Mo Yujing, Li Jie, Luo Jianfang, Dong Haojian
Department of Cardiology, Guangdong Provincial People's Hospital (Guangdong Academy of Medical Sciences), Southern Medical University, 106, Zhongshaner Rd, Yuexiu Disctict, Guangzhou, Guangdong 510080, China.
Eur Heart J Case Rep. 2022 Dec 27;7(1):ytac483. doi: 10.1093/ehjcr/ytac483. eCollection 2023 Jan.
Transient ST-segment elevation or coronary artery spasm during transseptal catheterization has been previously described. Most cases were either reversible or asymptomatic.

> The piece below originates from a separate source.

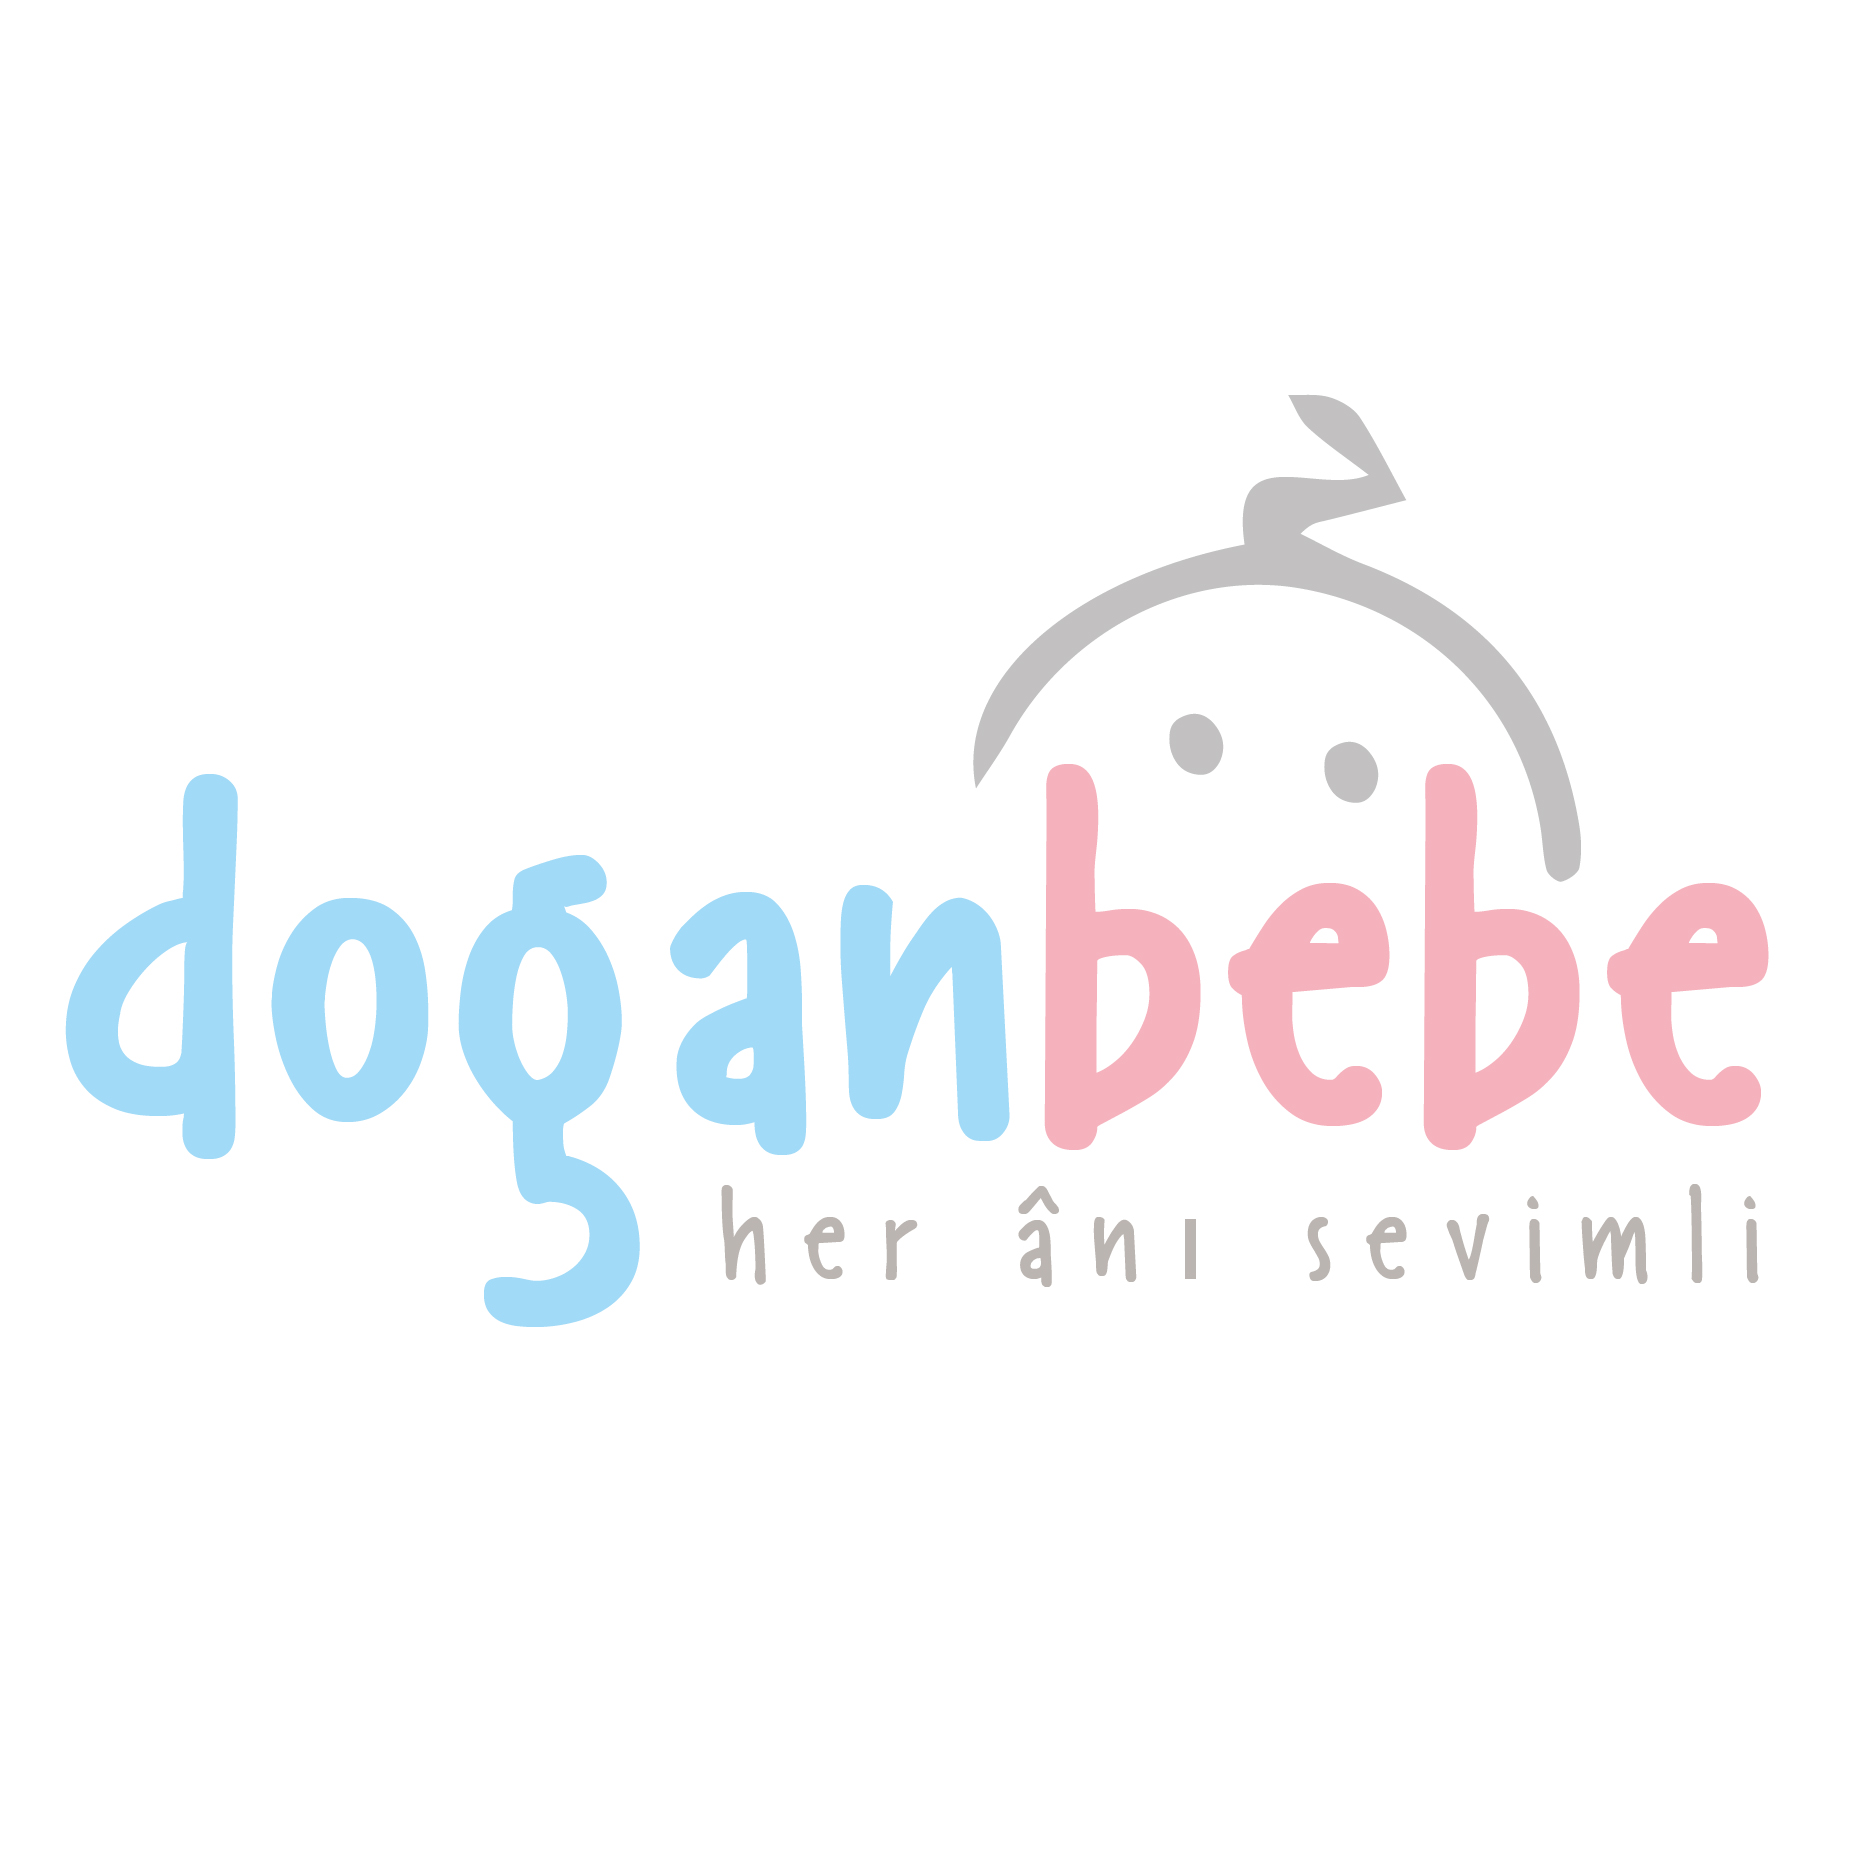 Doganbebe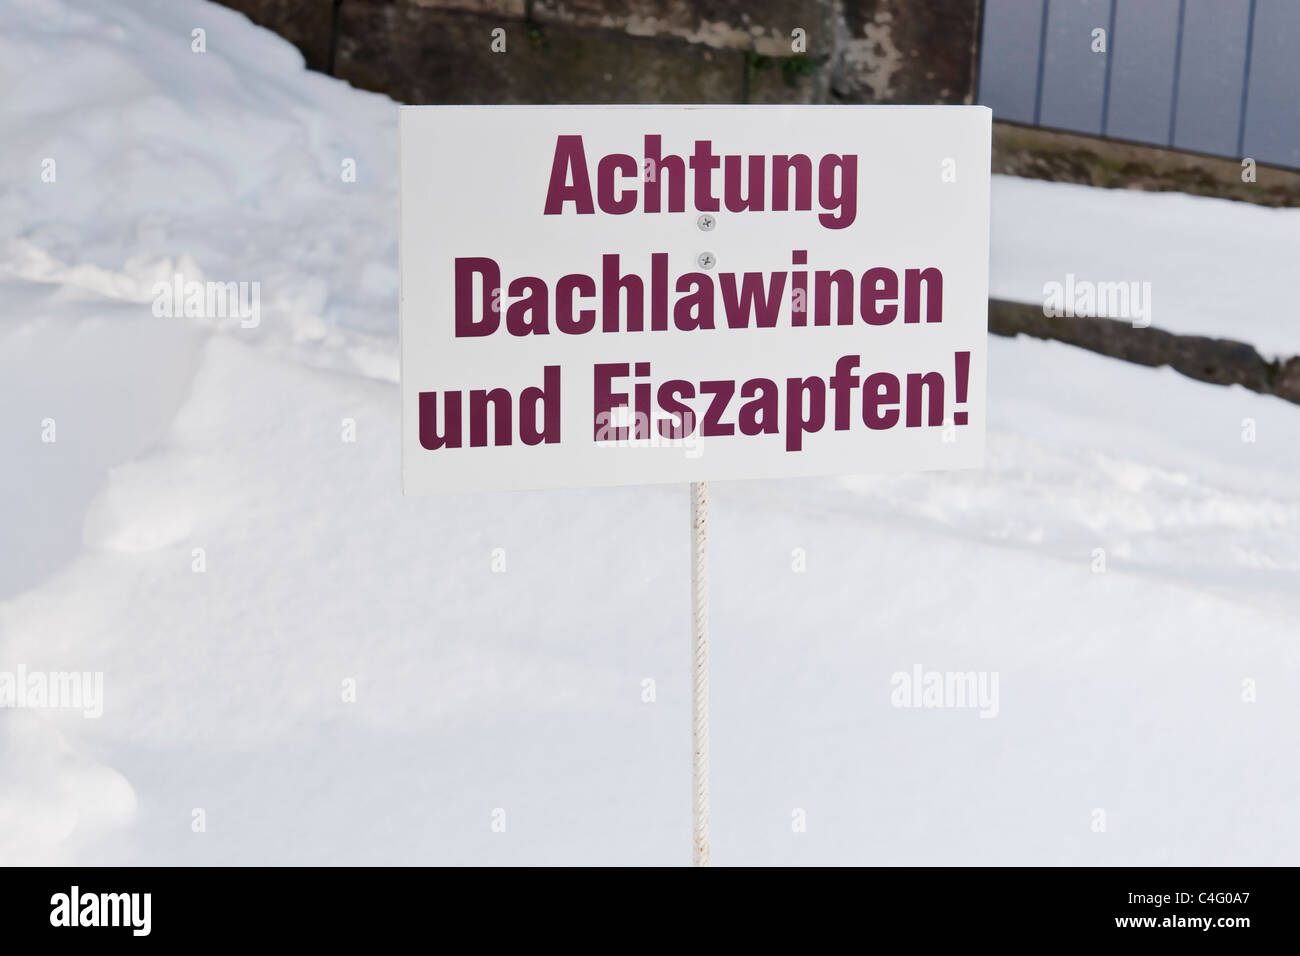 Achtung, Dachlawinen ... | Atención, techo avalanchas ... Foto de stock

We present a case of severe multiple coronary artery spasms with advanced atrioventricular block and ventricular fibrillation during compression of the fossa ovalis by a sheath catheter, before the performance of the transseptal puncture procedure for mitral transcatheter edge-to-edge-repair.
The mechanical effects of forward tension from transseptal puncture on the interatrial vagal network could be the most possible explanation for the occurrence of this phenomenon.
以往曾有关于经房间隔导管插入术期间短暂性ST段抬高或冠状动脉痉挛的描述。大多数病例要么是可逆的,要么是无症状的。
我们报告一例在经导管二尖瓣缘对缘修复的经房间隔穿刺术前,鞘管压迫卵圆窝时发生严重多发性冠状动脉痉挛,并伴有高度房室传导阻滞和心室颤动的病例。
经房间隔穿刺产生的向前张力对房间迷走神经网的机械作用可能是这一现象发生的最合理的解释。